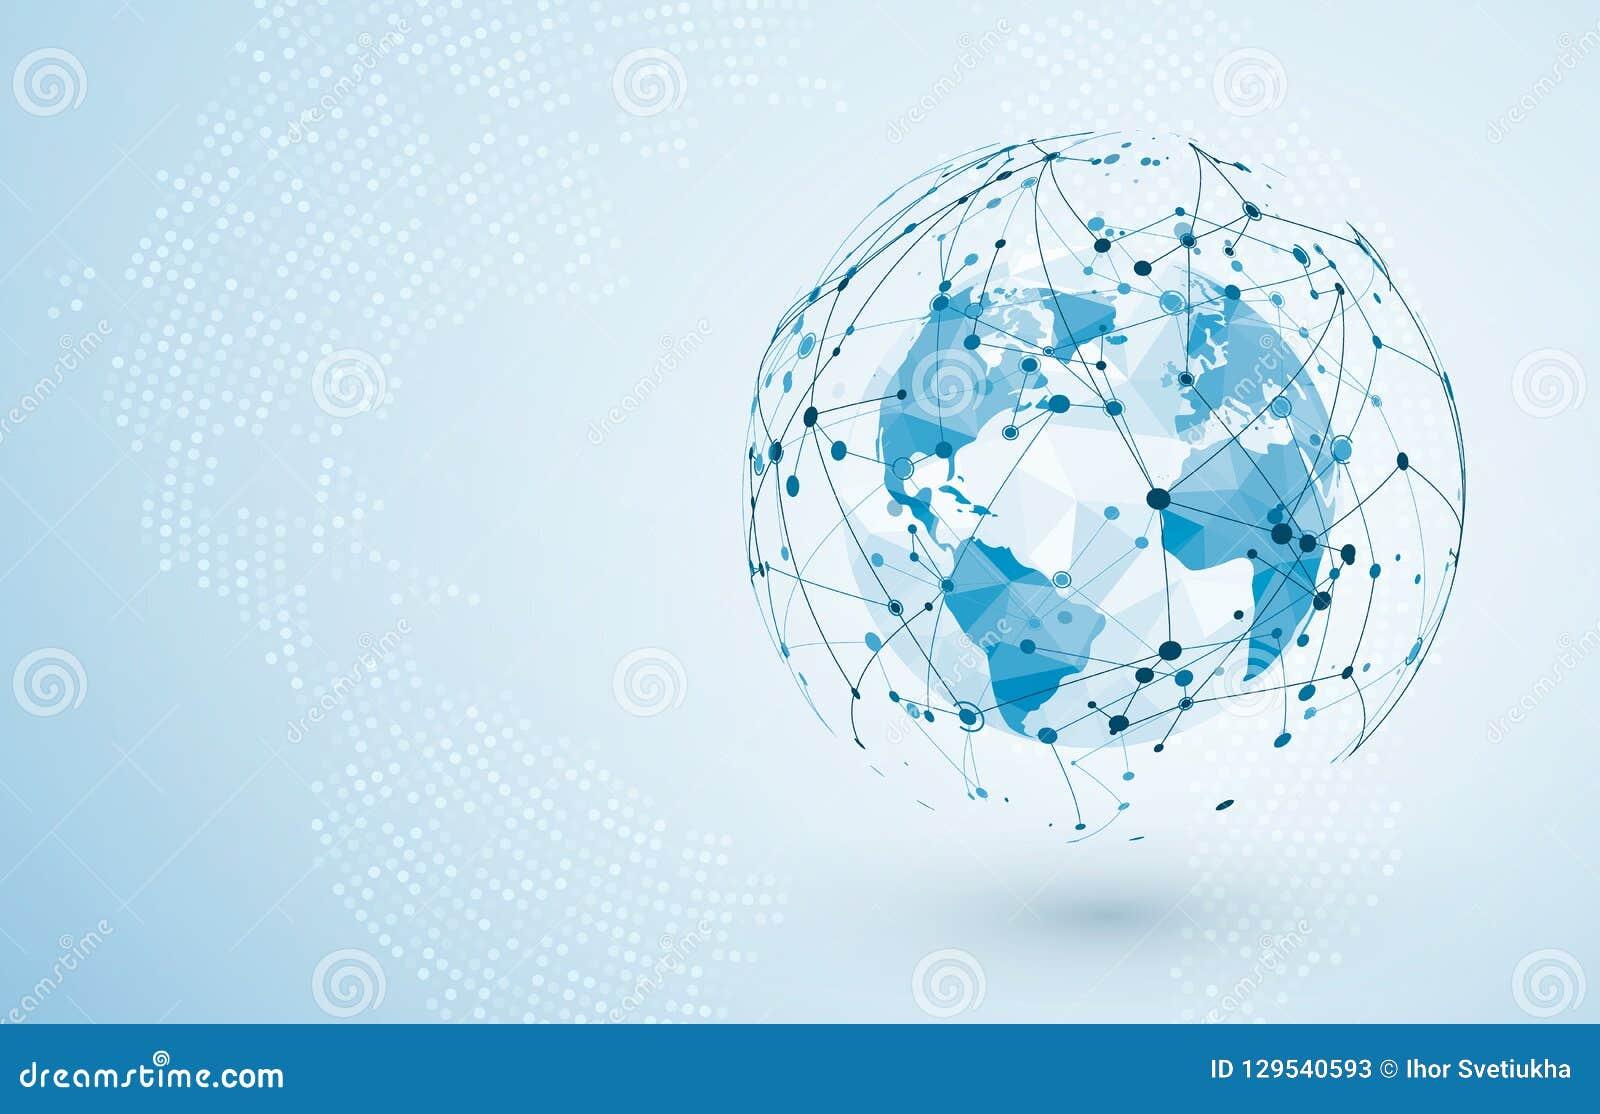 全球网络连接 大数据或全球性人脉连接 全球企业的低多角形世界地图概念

* * *

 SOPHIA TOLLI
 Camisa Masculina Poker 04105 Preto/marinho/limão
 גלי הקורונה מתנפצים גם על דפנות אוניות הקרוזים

==

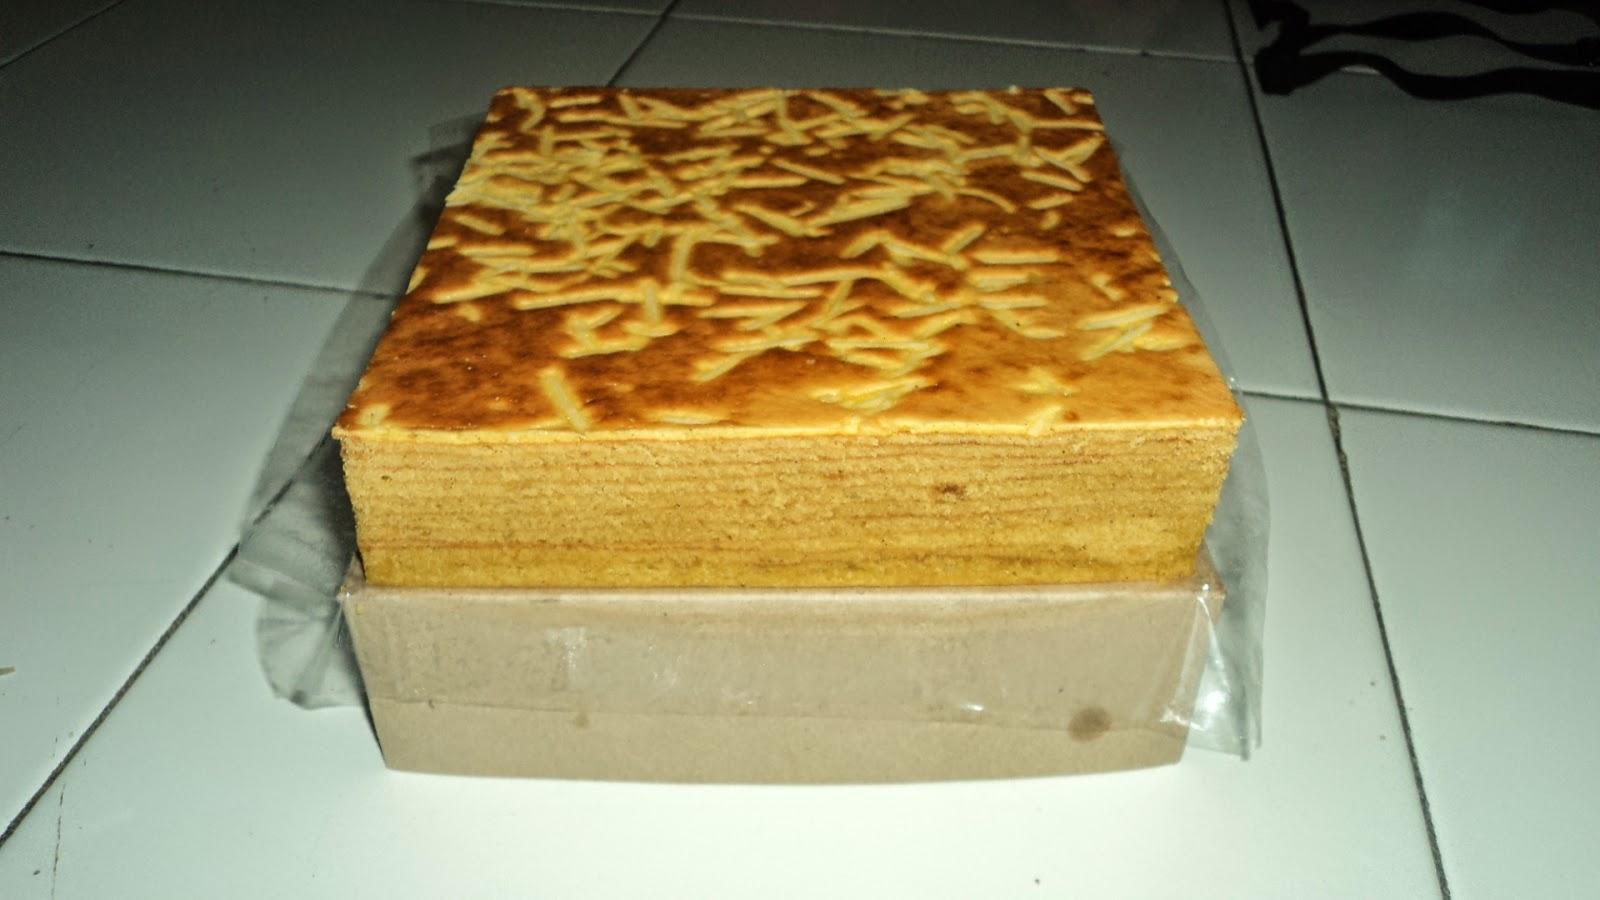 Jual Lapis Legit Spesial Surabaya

## TASK DIRECTIONS
Please transcribe exactly the lines above from the line that has "SOPHIA TOLLI" up to and including the line that has "גלי הקורונה מתנפצים"; no other line belongs in the answer.

## RESULT OF THE TASK
 SOPHIA TOLLI
 Camisa Masculina Poker 04105 Preto/marinho/limão
 גלי הקורונה מתנפצים גם על דפנות אוניות הקרוזים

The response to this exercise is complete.